A student let is similar to either a house of multiple occupancy (HMO) or a single let, depending on how many students occupy the property. Typically the only difference is that the tenancy period is defined by the academic year. Due to the AST(s), the minimum tenancy period is 6 months. Subsequently, this is a long term rental strategy.

Serviced Accommodation (SA)

Serviced accommodation (SA) refers to a fully furnished property which is available to be rented (typically by the night) for short-term stays. It is the most flexible rental strategy as it doesn’t involve ASTs or management contracts. These properties are a cheaper alternative to hotel accommodation. Therefore, they are popular amongst professionals or holiday go-ers looking for a hotel equivalent.

Holiday Let

Similar to serviced accommodation (SA), a holiday let is a fully furnished property available for short term stays (each rental period cannot exceed 31 days). However, the tenancy type is specific to holiday go-ers.

Corporate Let

A corporate let is where a property is rented to a business. There is a management agreement between the property owner and the business allowing the business to manage the property for their desired use. Management agreements are typically 3-5 years. Subsequently, this is a long term rental strategy guaranteeing the landlord a rental income for the duration of the agreement.

Social Housing Rental

This is similar to a corporate let. However, instead of renting a property to a company for a guaranteed rent, you rent your property to a local authority or housing association for guaranteed rent. The local authority or housing association then uses the property for their social housing needs.

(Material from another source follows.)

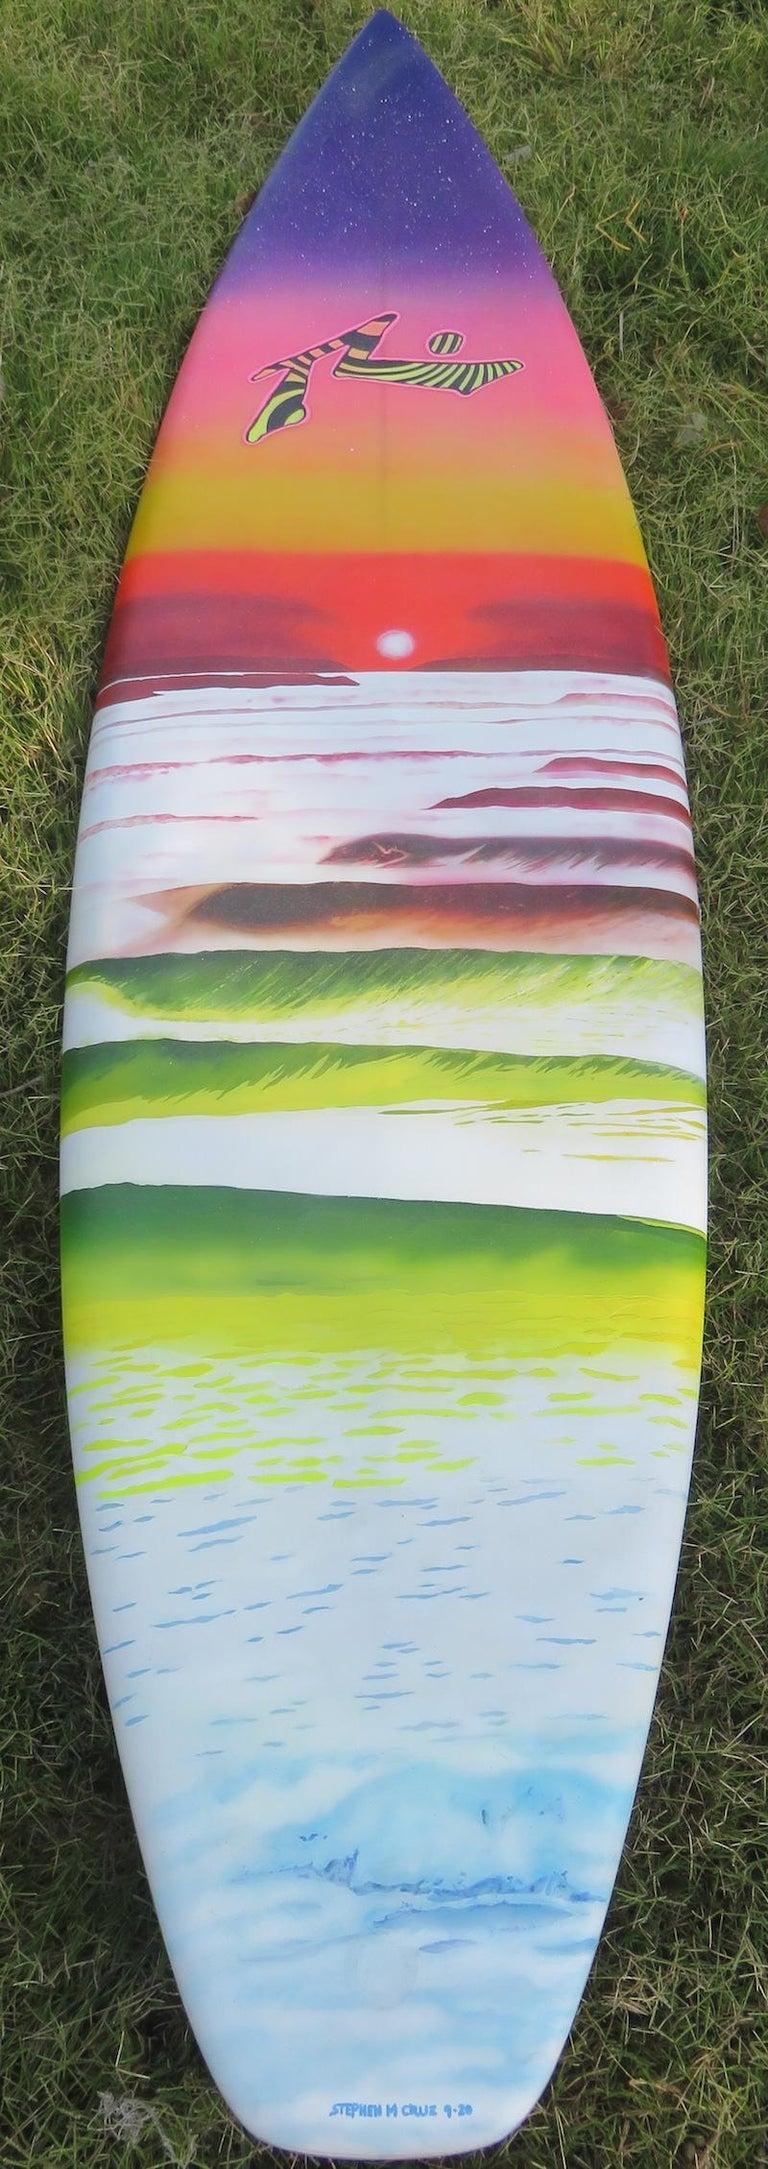 "1980s Vintage Rusty Preisendorfer Surfboard ""Surf on Planet X"" by Stephen Cruz 4"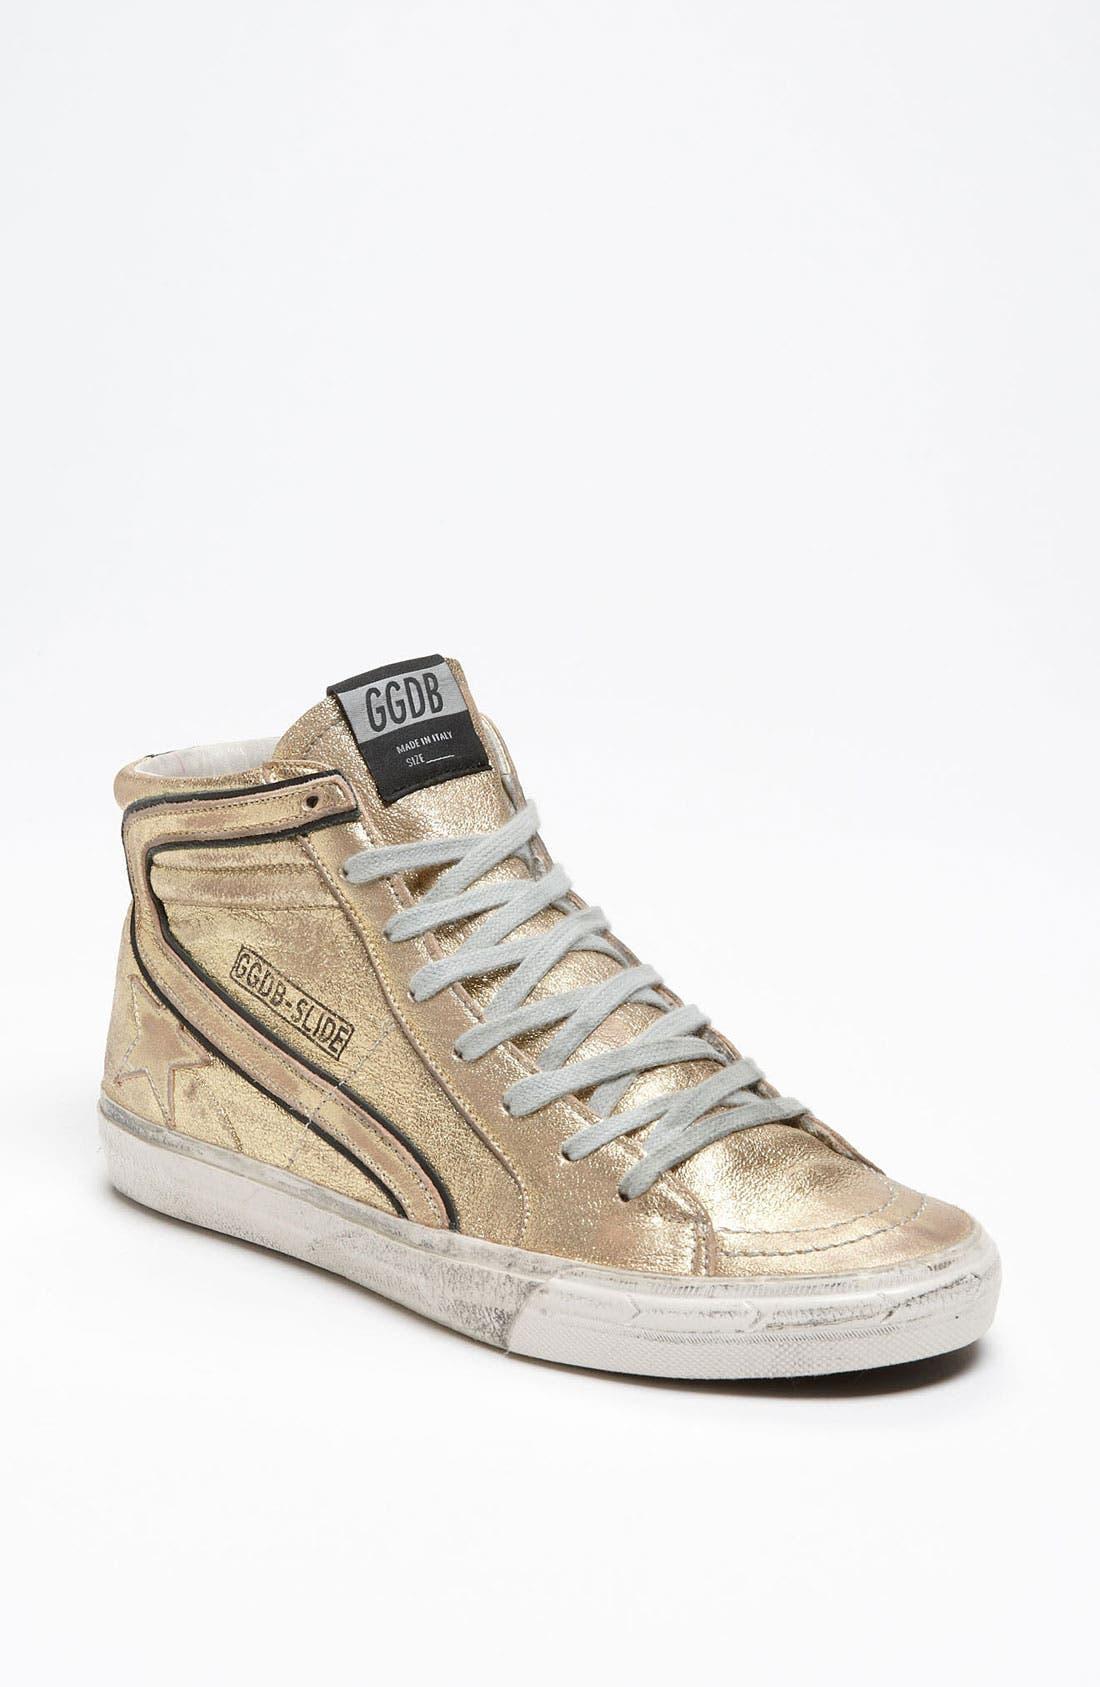 Alternate Image 1 Selected - Golden Goose 'Mid Top Slide' Sneaker

These are our top 7 rental strategies to cash flow your property. Some are more hands-off than others; however, it is possible to find a management company for all these different rental strategies making them all as hands-off as each other.  

The success of a particular rental strategy is dependent on a property’s location, condition and desires of the property owner. If you’re looking to change your rental strategy, a local independent property advisor (IPA) will be able to discuss which is most suitable for you and your property!